In Dante’s Divine Comedy, Dante incorporates Virgil’s portrayal of Hades from The Aeneid into his poem, and similarities between the Inferno and Hades can be drawn, however Dante wasn’t attempting to duplicate Virgil’s works. Although the Hell depicted in Dante’s Inferno is essentially based on the literary construction of the underworld found in Virgil’s Aeneid, in their particulars the two kingdoms are quite different. Virgil’s underworld is largely undifferentiated, and Aeneas walks through it without taking any particular notice of the landscape or the quality of suffering that takes place among the dead.

Aeneas’ first concern is with the fate of his friends, then with meeting his father once more: the philosophical and religious significance of sin and death is nothing to him, and there is no moral judgement implied in the fate of the departed. In Dante’s Inferno, on the other hand, there is a systematic differentiation of the landscape, and each progressively lower circle of hell implies a deadlier sin. The quality of punishment given out to the sinners is thus increased as Dante’s descend, and Dante’s compassion for the dead lessens as he moves downward to the bottom of hell.

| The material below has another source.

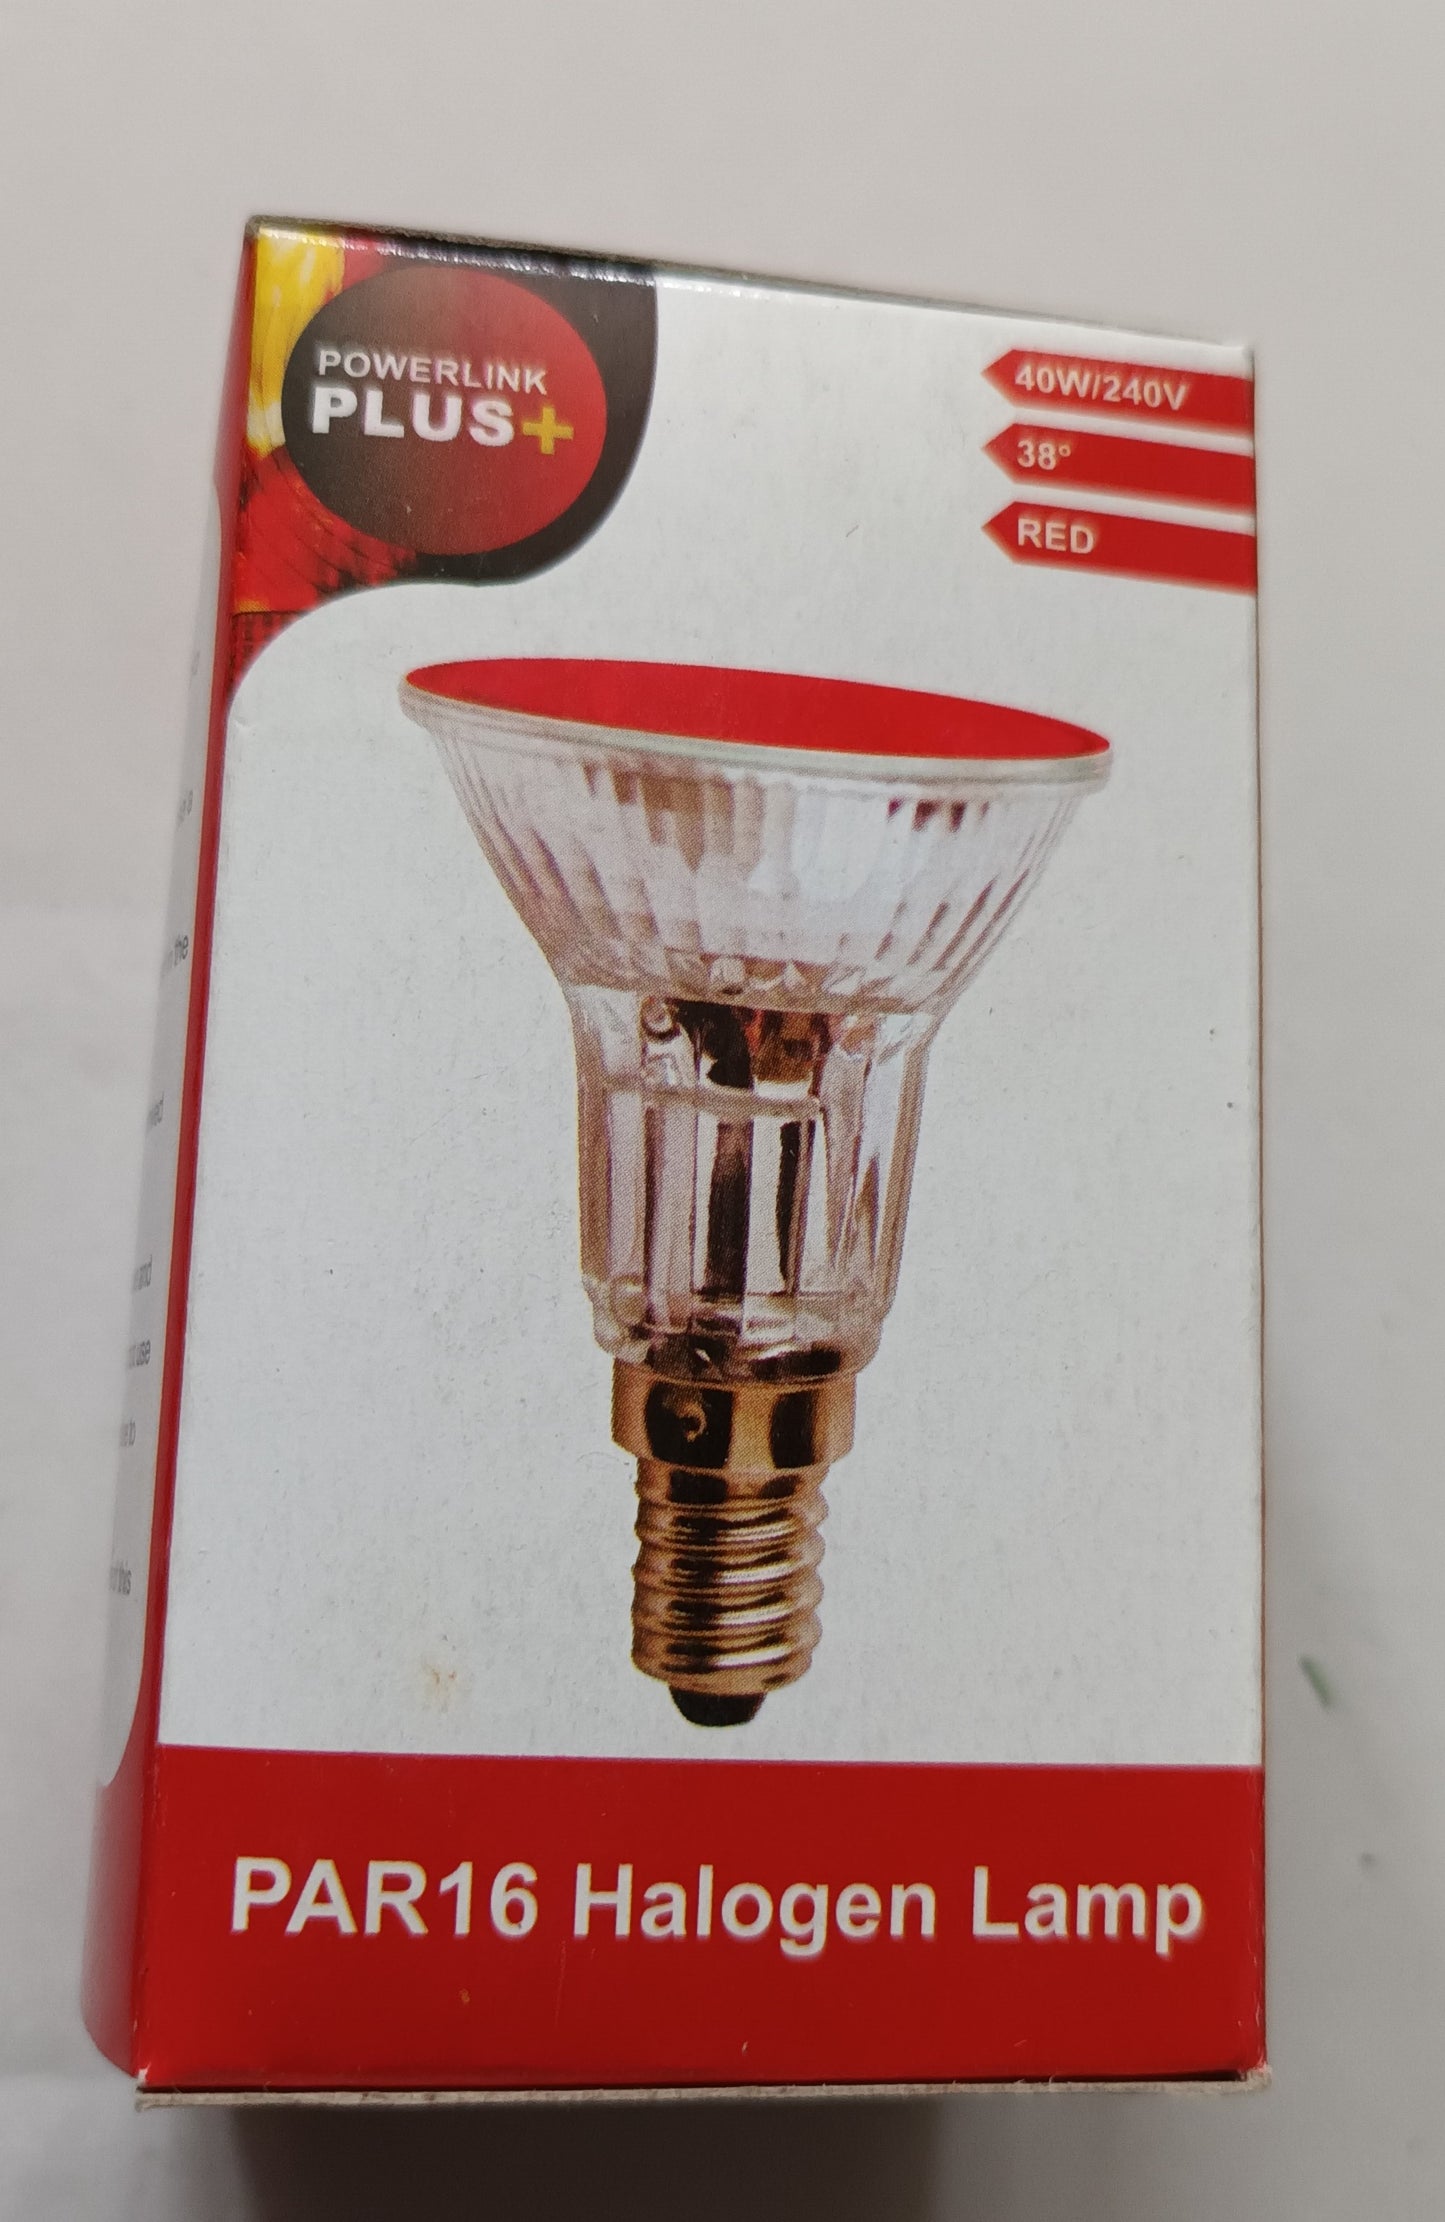 10 x Par16 / R50 Halogen Spot SES / E14  40W   Coloured Light Bulbs

Virgil’s underworld is really an extension of the natural world, being entered through a cave mouth at the end of a beach at the Euboian settlement of Cumae, renowned as the dwelling of Sibyl, it is she who permits his passage to the realm below: The cavern was profound, wide-mouthed and huge, Rough underfoot, defended by dark pool And gloomy forest. Overhead, flying things Could never take their way, such deathly Exhalations rose from the black gorge Into the dome of heaven. Fitzgerald, p168)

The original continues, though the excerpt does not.